As with most questions of civil-military relations, the military, civilian leadership, and the public can all play a role in ensuring a healthier discussion about the U.S. armed forces and its personnel policies. 

For the military, dealing with anti-woke politicians might at first glance seem like a classic no-win situation. If they say nothing when critics attack the institution for its alleged fixation with diversity in the ranks, it enables those claims to fester. At the same time, speaking out also risks feeding the beast. Nevertheless, as we have seen in recent testimony by senior enlisted members or in public commentary by military leaders, it is appropriate for senior leaders to provide the facts and to be as forthcoming as possible when answering questions.

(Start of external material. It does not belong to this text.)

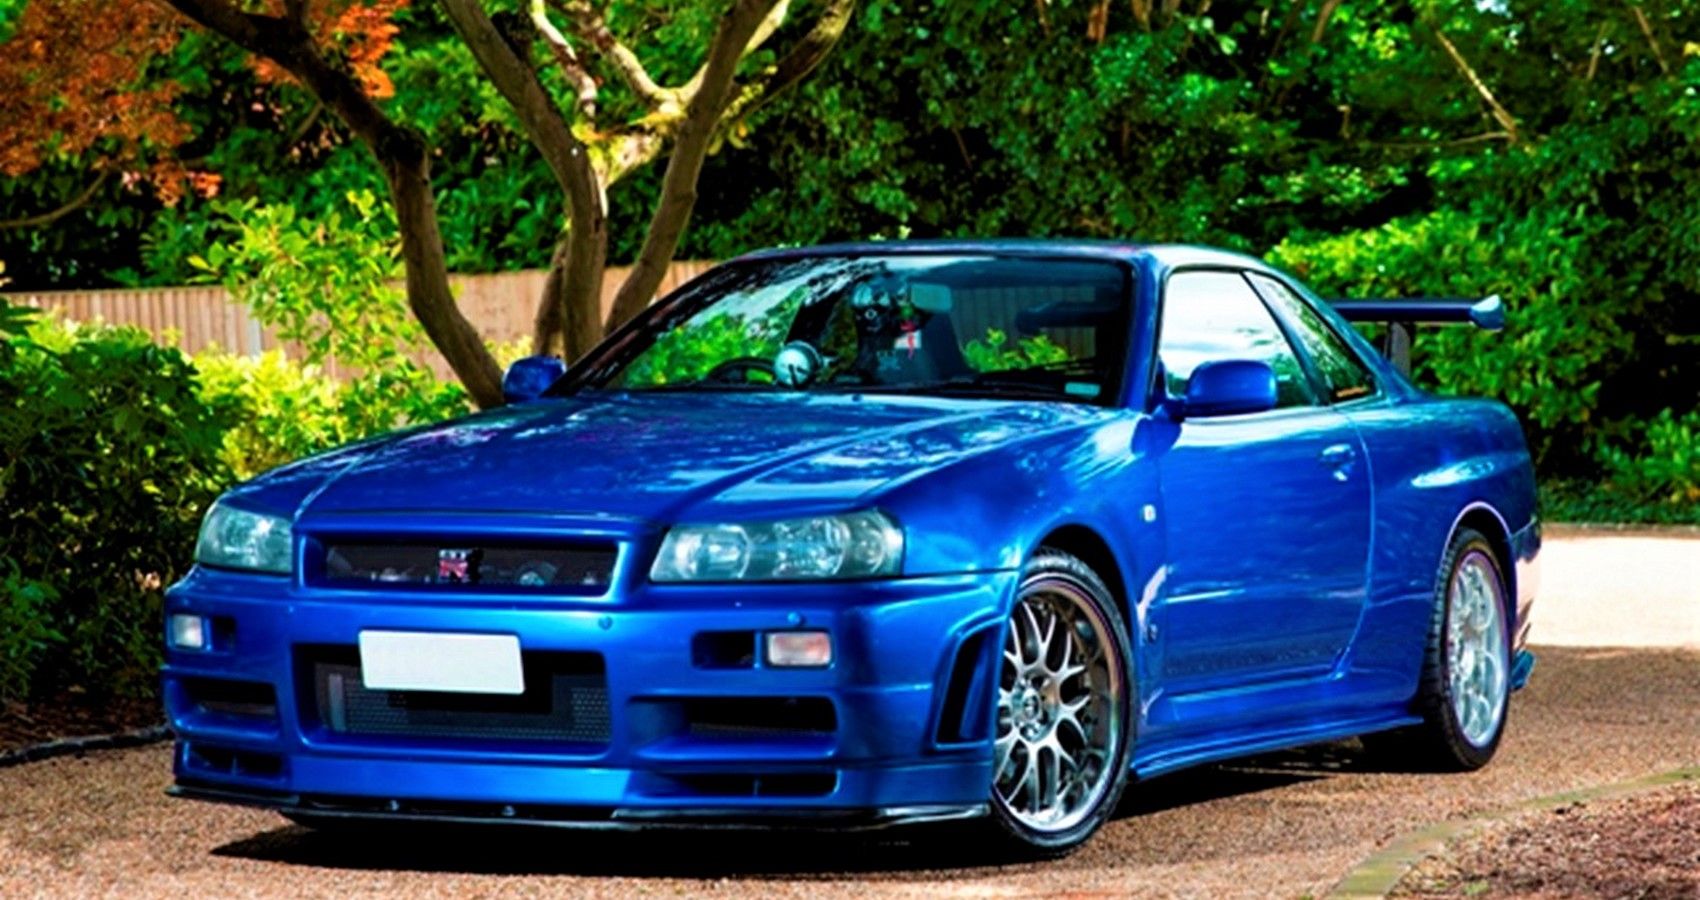 Paul Walker's 2000 Nissan Skyline R34 GT-R from Fast & Furious 4 set to  sell for eye-watering amount at auction

At the same time, coming across as overly solicitous of politicians belaboring the anti-woke critique is to be avoided. One should not confuse responding judiciously and forthrightly to critics with seeking to mollify or appease them. 

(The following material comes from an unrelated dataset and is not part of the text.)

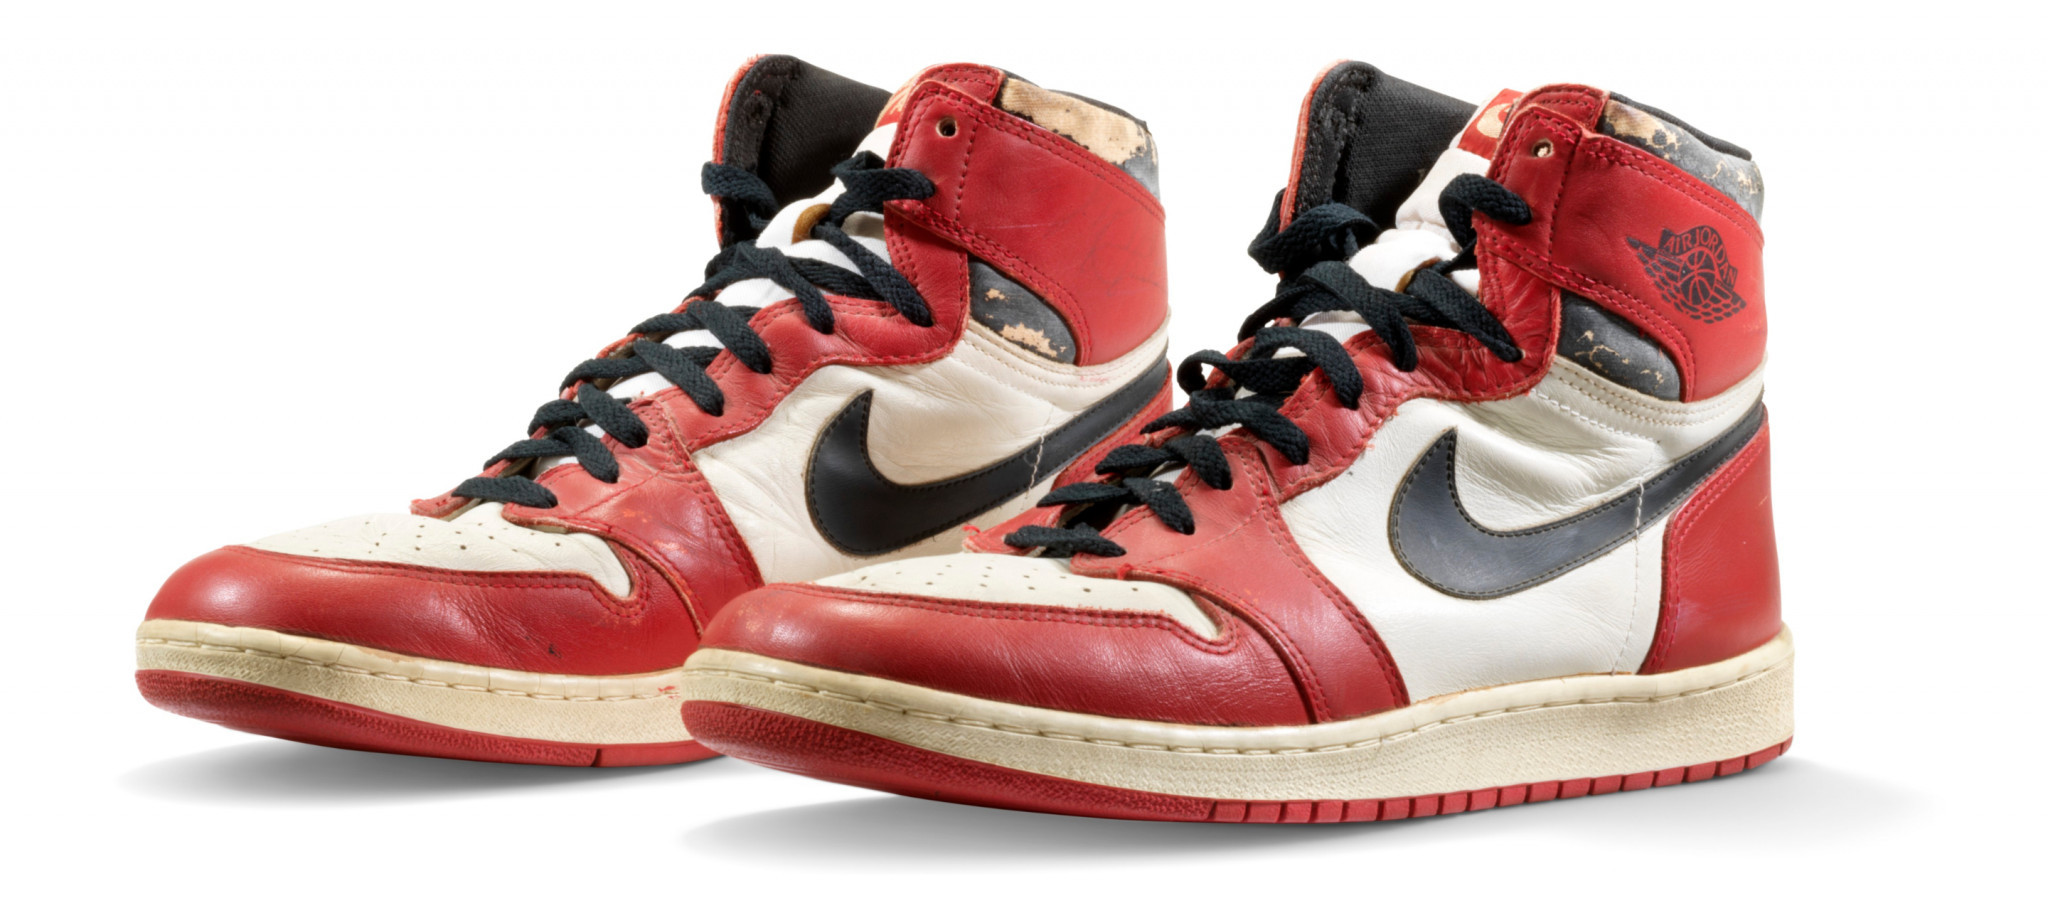 Pair of Michael Jordan trainers sell for record $615,000 at auction

Civilian political leaders and policymakers are much better positioned to fend off unsubstantiated claims that the Department of Defense is so absorbed in diversity and inclusion initiatives that it is neglecting other priorities. That includes marshaling facts that make the case for such initiatives. After all, while critics claim that diversity efforts are alienating people from joining the military, one might ask: Who exactly are they alienating? According to Pew polling from 2017, nearly 43 percent of servicemembers identify with one or another minority group in society. 

Despite this diversity though, the presence of minority groups in the military’s senior levels remains limited. While black Americans are overrepresented in the Army’s enlisted ranks, they comprise only 6.5 percent of the service’s general officers and most serve at the one- and two-star level. And while there are some outstanding female leaders in the military’s senior ranks, women overall remain underrepresented at the top. Beyond that, according to Department of Defense figures, across all the services in 2021, women made up just 17.3 percent of the active-duty force.  

One thing civilian policymakers therefore should not do is signal a willingness to abandon proven and effective cultural awareness training and other diversity initiatives merely to appease critics. In particular, they should not abandon them out of some misguided notion that it will improve recruitment: There are numerous other options that would better serve that purpose. Indeed, eliminating tools that enable leaders to manage diverse teams could cause significant damage to morale and cohesion. 

Finally, the public’s role in countering the false claims of anti-woke actors is straightforward, if more easily recognized than achieved: Rather than get caught up in hyperbole, Americans should listen for the facts. Public scrutiny and skepticism are arguably the best antidote to the anti-woke campaign against the U.S. military. 

 

 

Risa Brooks is Allis Chalmers Professor of Political Science at Marquette University.